Default (CPU, no extra setup)

pip install localbrain-rag

Uses fastembed (ONNX, multilingual e5) — works on CPU with no PyTorch. Good enough to start.

Best quality (GPU + bge-m3) — recommended

  1. Install a CUDA build of PyTorch matching your GPU (example: CUDA 12.6):
    pip install torch --index-url https://download.pytorch.org/whl/cu126
    
  2. Install localbrain with sentence-transformers:
    pip install "localbrain-rag[st]"
    
  3. Point the config at bge-m3 (see Configuration). Models auto-download on first use.

No NVIDIA GPU? Skip step 1 — pip install "localbrain-rag[st]" installs a CPU PyTorch and still works (slower).

Quick start

# CLI
localbrain add-source "C:\Users\me\notes" --globs "*.md,*.txt"
localbrain index
localbrain search "what did we decide about delivery delays"
localbrain insights          # FAQ clusters + knowledge gaps
localbrain stats
localbrain --version

# Web console  →  http://127.0.0.1:8765
localbrain-web

# MCP server (stdio) — register with Claude Code
localbrain-mcp

Configuration

Config lives at ~/.localbrain/config.json (override the dir with LOCALBRAIN_HOME). Data (SQLite + Chroma vectors + model-by-model collections) also lives under ~/.localbrain.

{
  "embedding": { "provider": "sentence-transformers", "model": "BAAI/bge-m3", "fp16": false },
  "chunk": { "size": 1000, "overlap": 150 },
  "rerank": { "enabled": true, "provider": "cross-encoder",
              "model": "BAAI/bge-reranker-v2-m3", "candidate_k": 30, "fp16": false },
  "search_k": 5
}
  • Swap models freely — change embedding.model, then localbrain index --rebuild (text is kept, so it re-embeds without re-reading files).
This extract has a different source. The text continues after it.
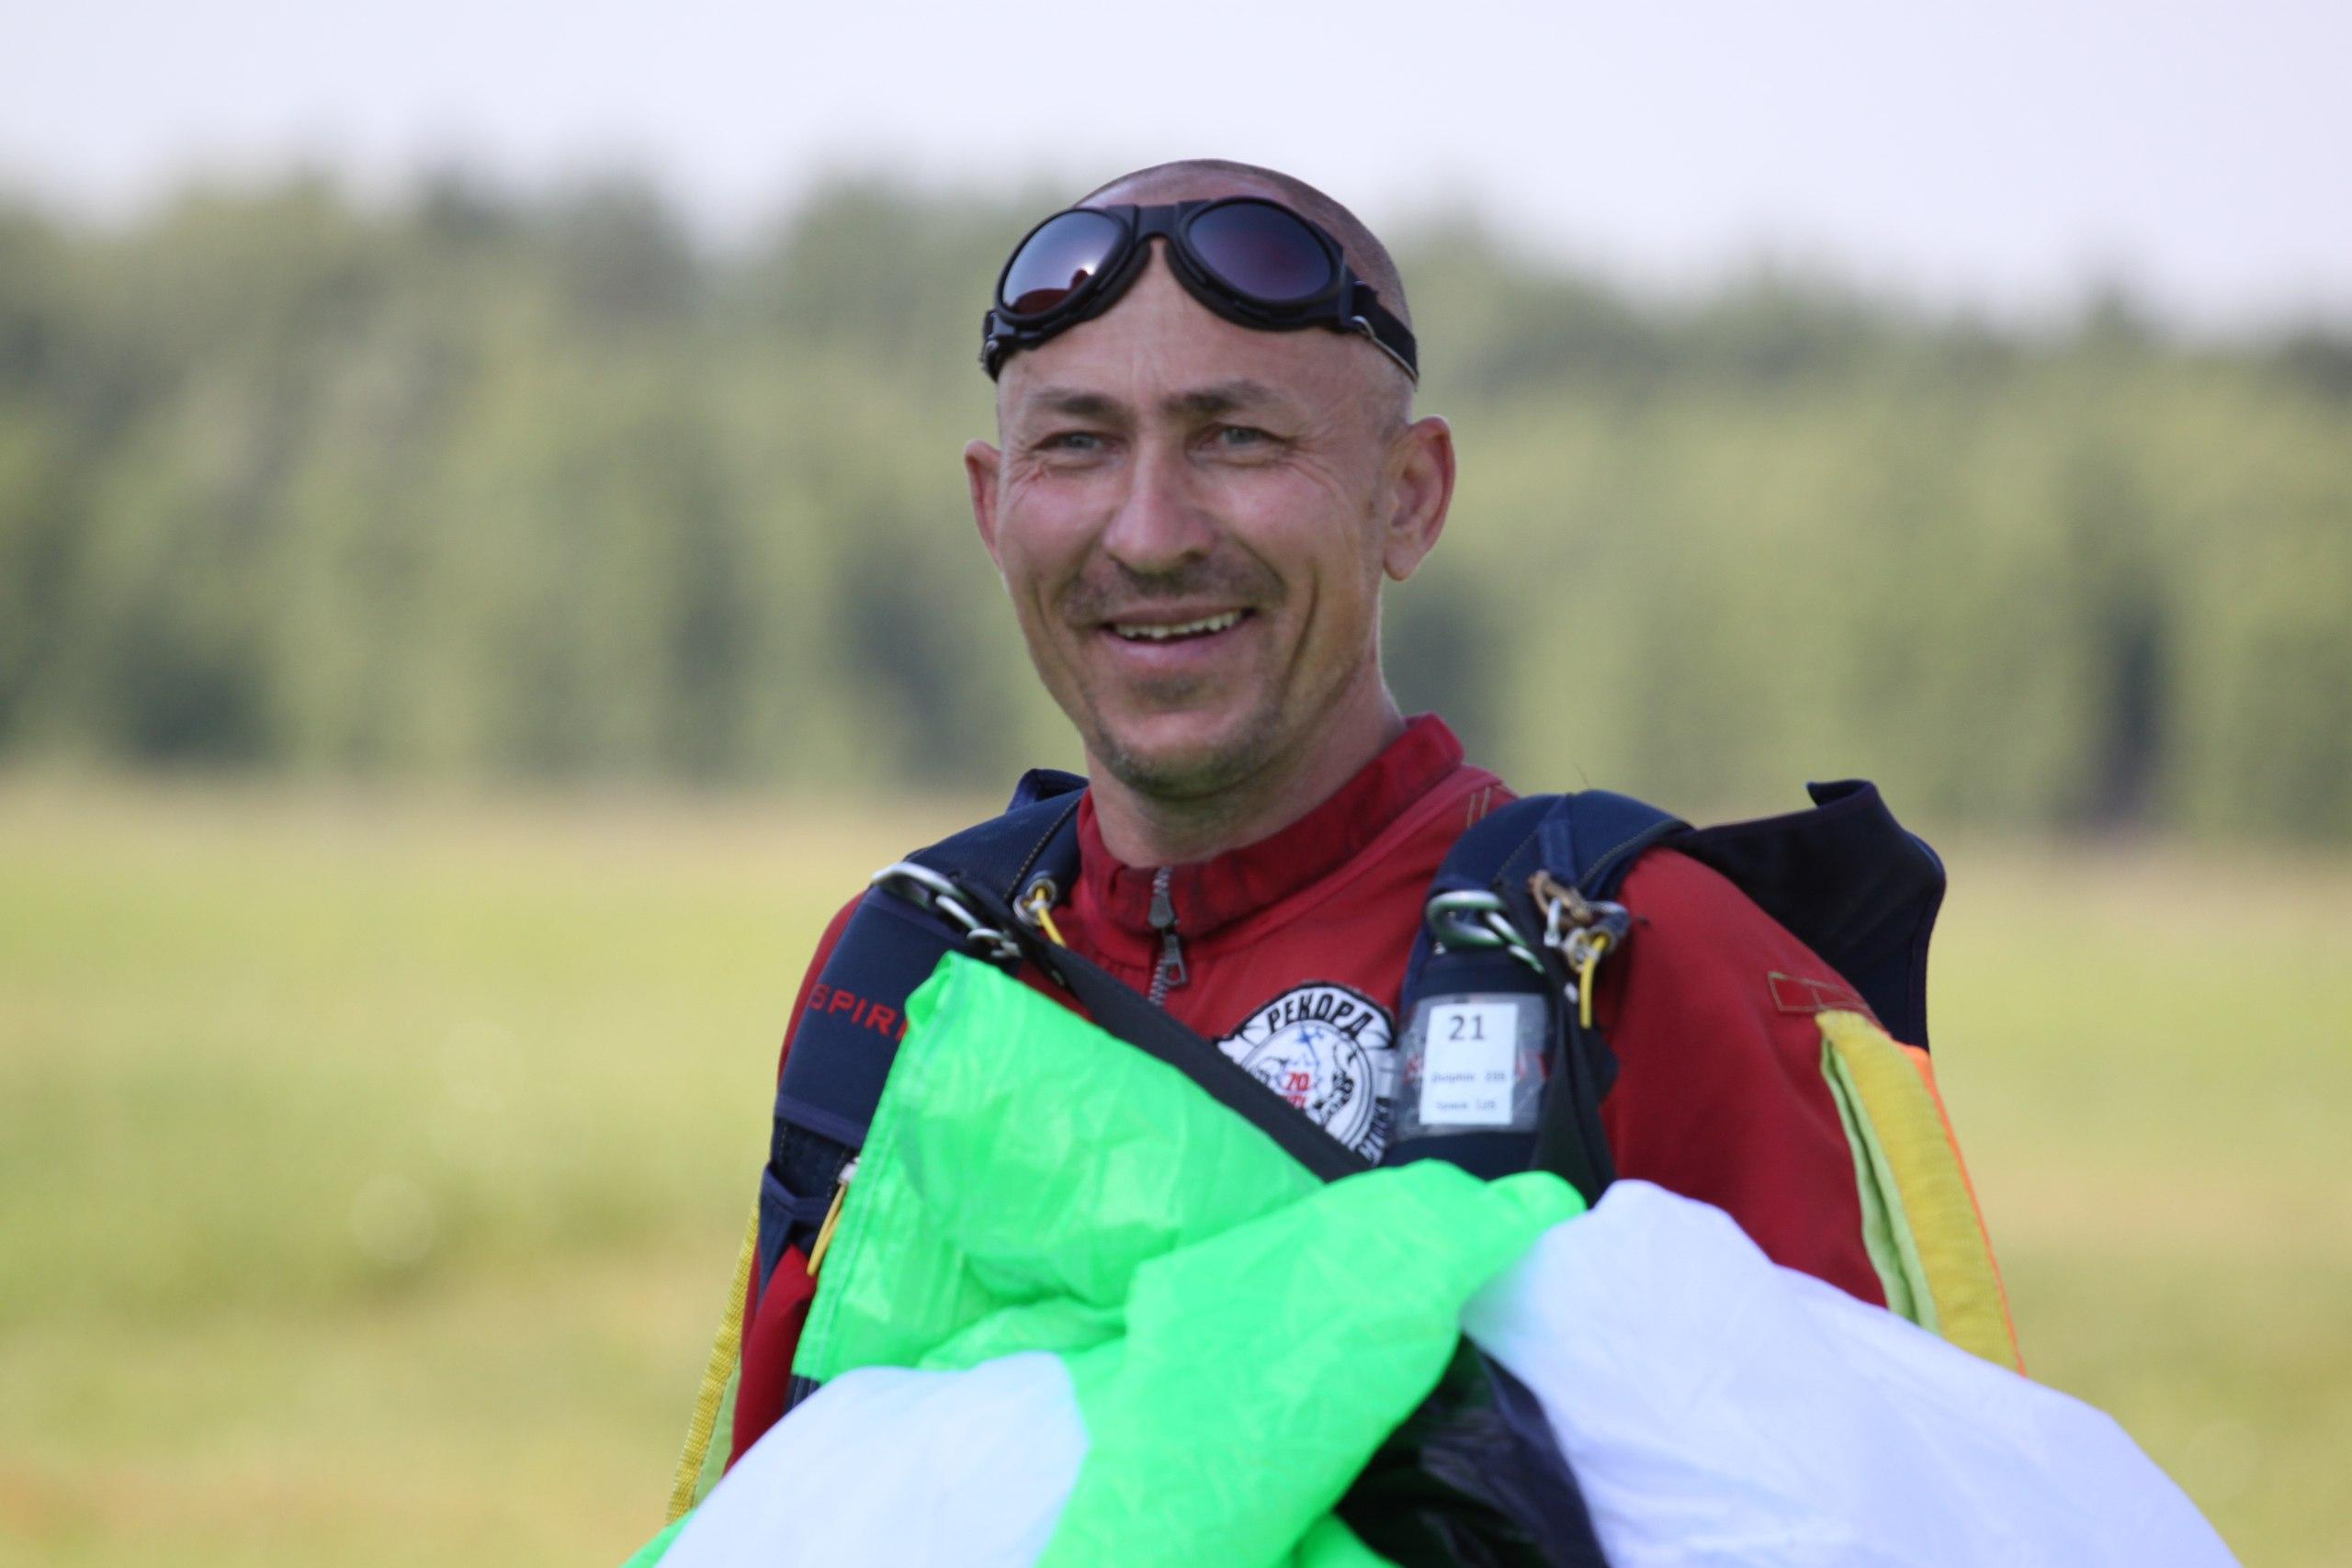 Валерий Кирикилица

Each model uses its own vector collection (cosine distance).
  • fp16: true halves VRAM and speeds up inference on GPU (ignored on CPU). Handy for ~6 GB cards.
  • Reranking improves accuracy; scores become Cross-Encoder relevance (≈0.8+ strong match, ≈0 none).

Models & first run

First search/index downloads models from Hugging Face into the HF cache (HF_HOME): bge-m3 (~2 GB) + bge-reranker-v2-m3 (~2 GB). Subsequent runs are cached/offline. fastembed default models are much smaller.

⚠️ One process owns writes

The web server and CLI share the same on-disk vector store. ChromaDB does not reflect writes made by another process while a server is running. So:

  • Index from the web console (Indexing tab), or
  • stop localbrain-web → run localbrain index → restart the server.

Don't run localbrain index while localbrain-web is up — the running server won't see the new docs.

Docker (optional, server scenario)

A container only sees mounted volumes, so the "browse & index any local folder" UX is limited — use Docker to serve a mounted documents folder. GPU works via NVIDIA Container Toolkit (Windows: Docker Desktop + WSL2). See Dockerfile / docker-compose.yml:

DOCS_DIR=/path/to/docs docker compose up --build   # http://localhost:8765 ; add /docs as a source

Architecture

core/        pure library (single-responsibility modules: ingest, embed, rerank, store, search, insights)
services/    orchestration (indexing / search / insights / model)
adapters/    thin entry points: cli · mcp_server · web   (all share core via context.py)

License

MIT — see LICENSE. Design notes in docs/spec/.

Project details


Download files

Download the file for your platform. If you're not sure which to choose, learn more about installing packages.

Source Distribution

localbrain_rag-0.1.0.tar.gz (30.6 kB view details)

Uploaded Source

Built Distribution

If you're not sure about the file name format, learn more about wheel file names.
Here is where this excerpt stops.